- [Recorded information]
· · · · ·

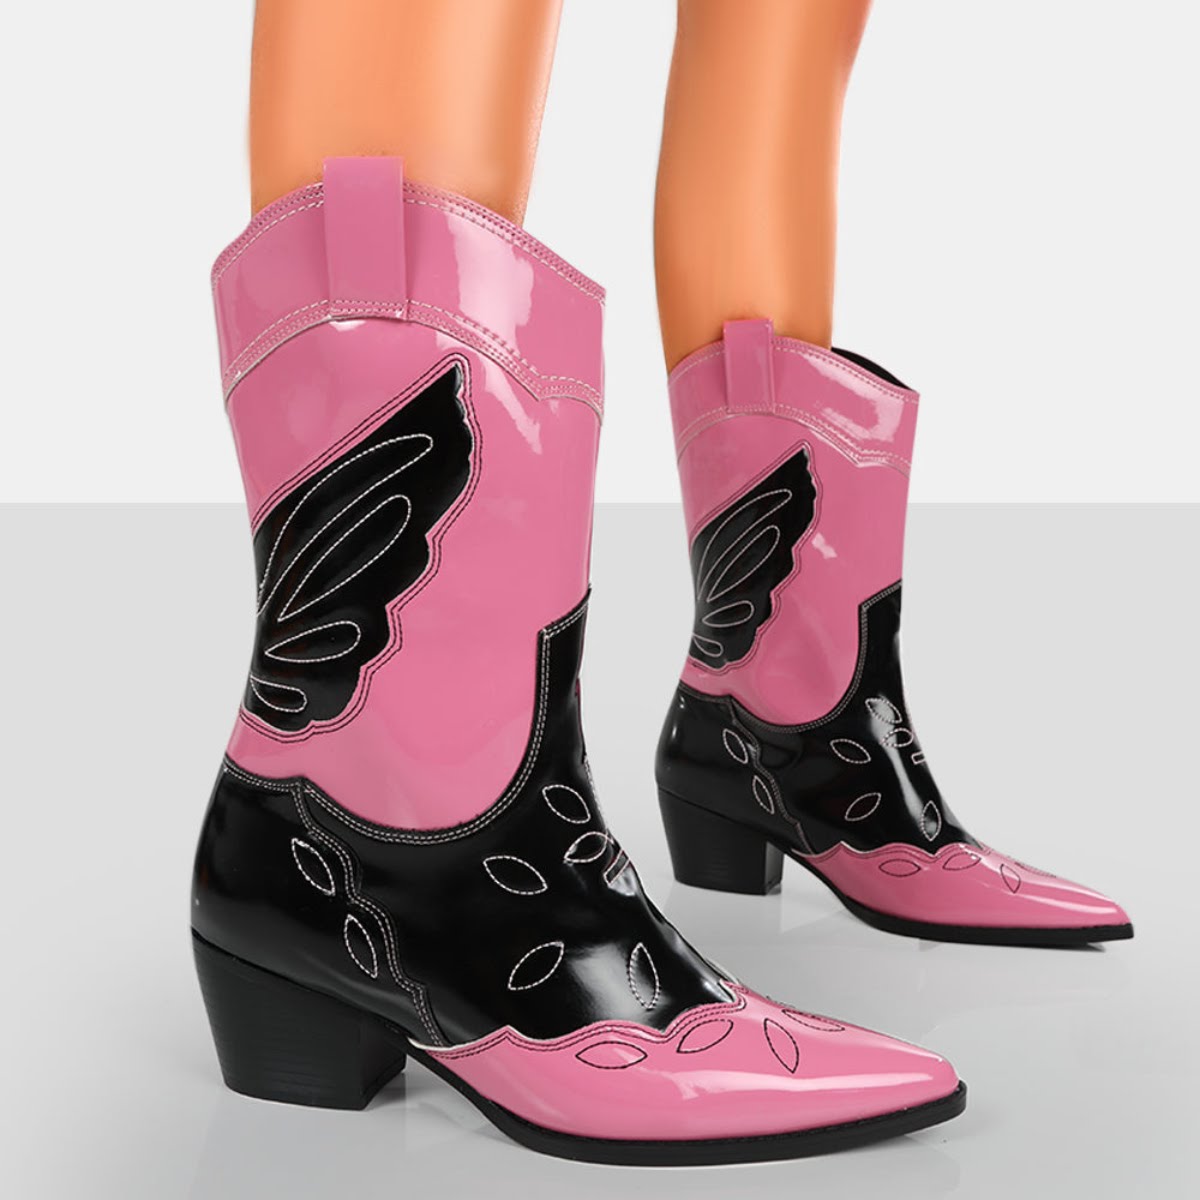 Howdy Pink Patent Pointed Toe Western Cowboy Ankle Boots, €55.99
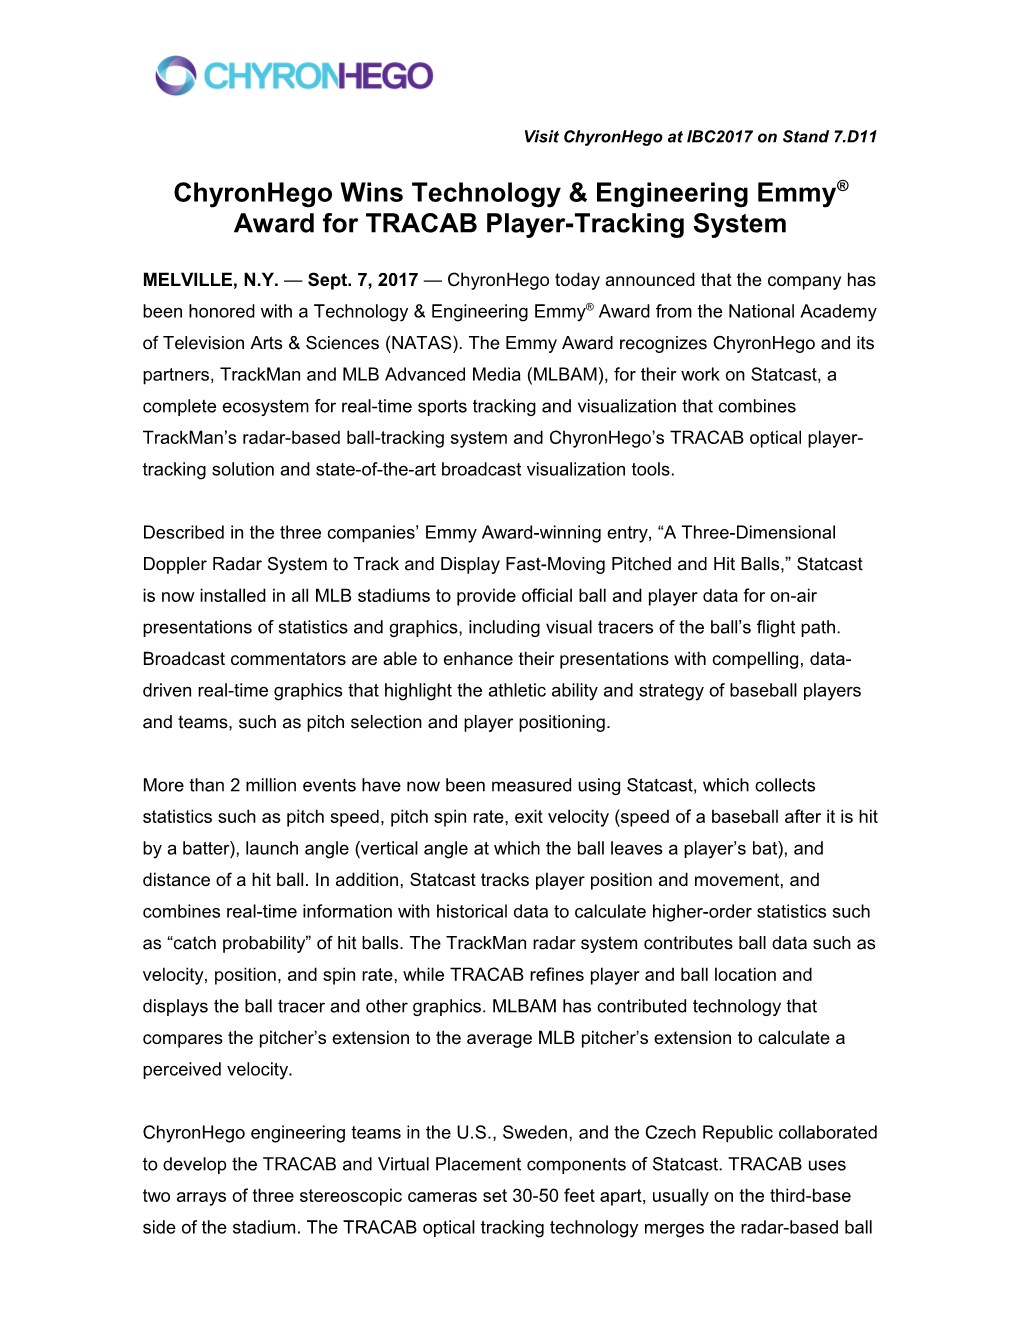 Chyronhego Wins Technology & Engineering Emmy Award for TRACAB Player-Tracking System
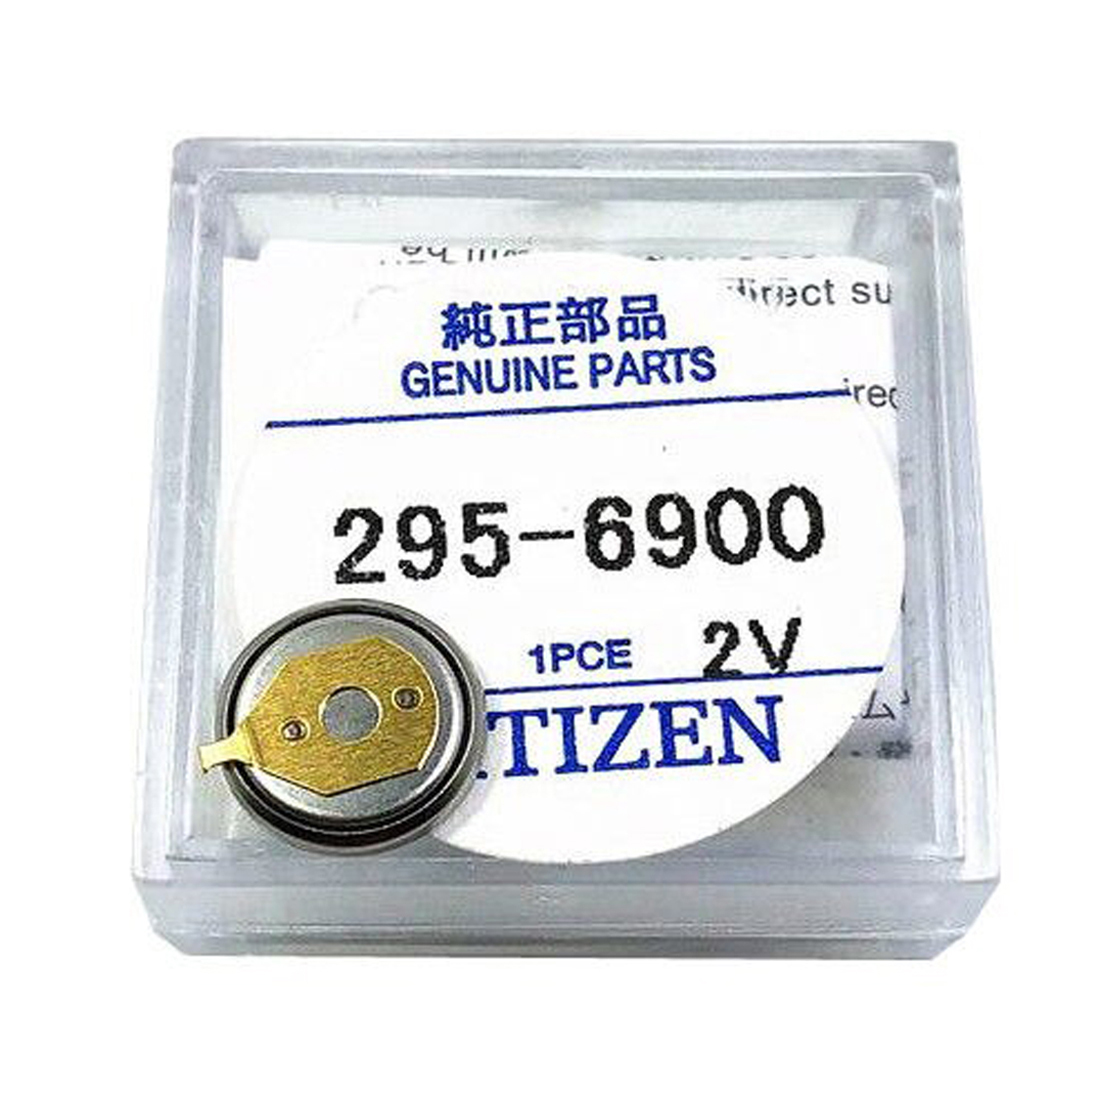 Citizen 295-55 Eco Drive Capacitor Battery 
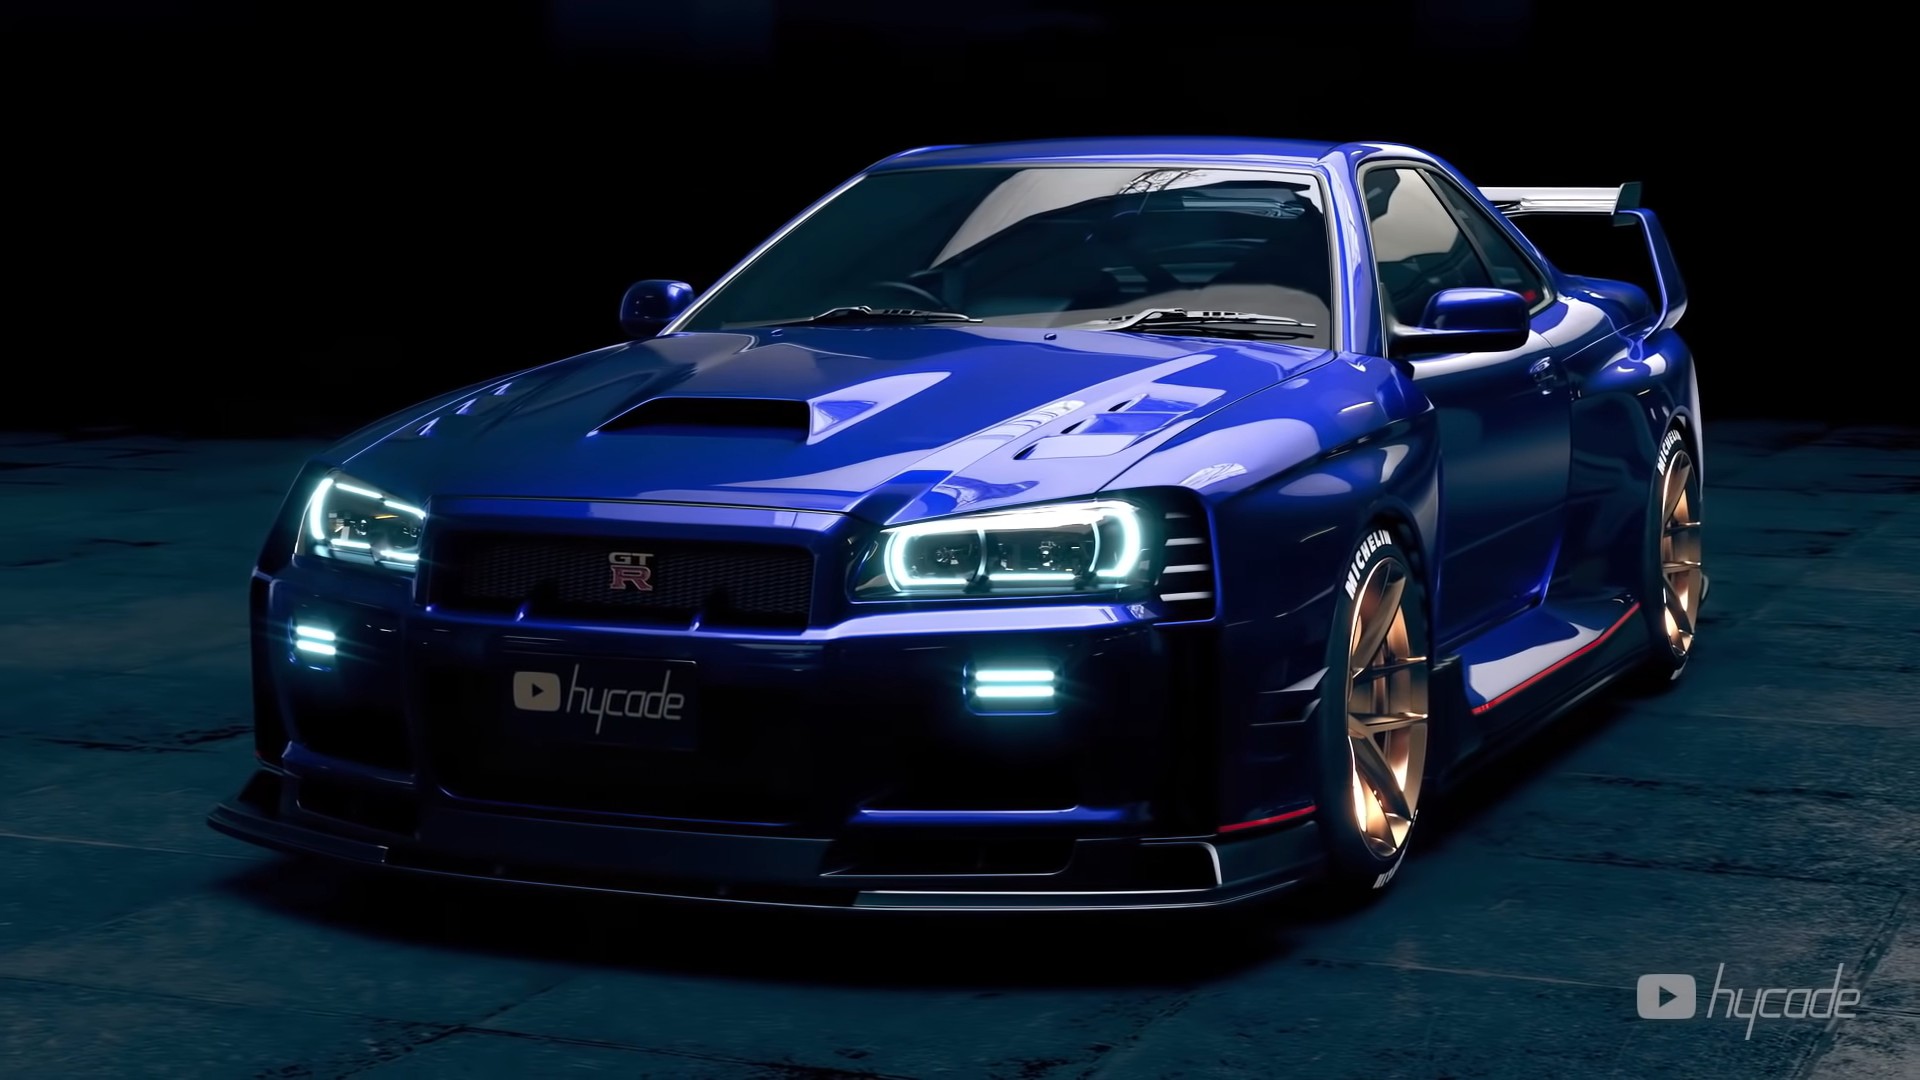 R34 Nissan Gt R Looks Like A Nismo Supercar In Glossy Widebody

· · · · ·

In your copy of the material, every word must match and no image should appear.

- [Result for this exercise]
 Howdy Pink Patent Pointed Toe Western Cowboy Ankle Boots, €55.99
 Chyronhego Wins Technology & Engineering Emmy Award for TRACAB Player-Tracking System
 Citizen 295-55 Eco Drive Capacitor Battery 
 R34 Nissan Gt R Looks Like A Nismo Supercar In Glossy Widebody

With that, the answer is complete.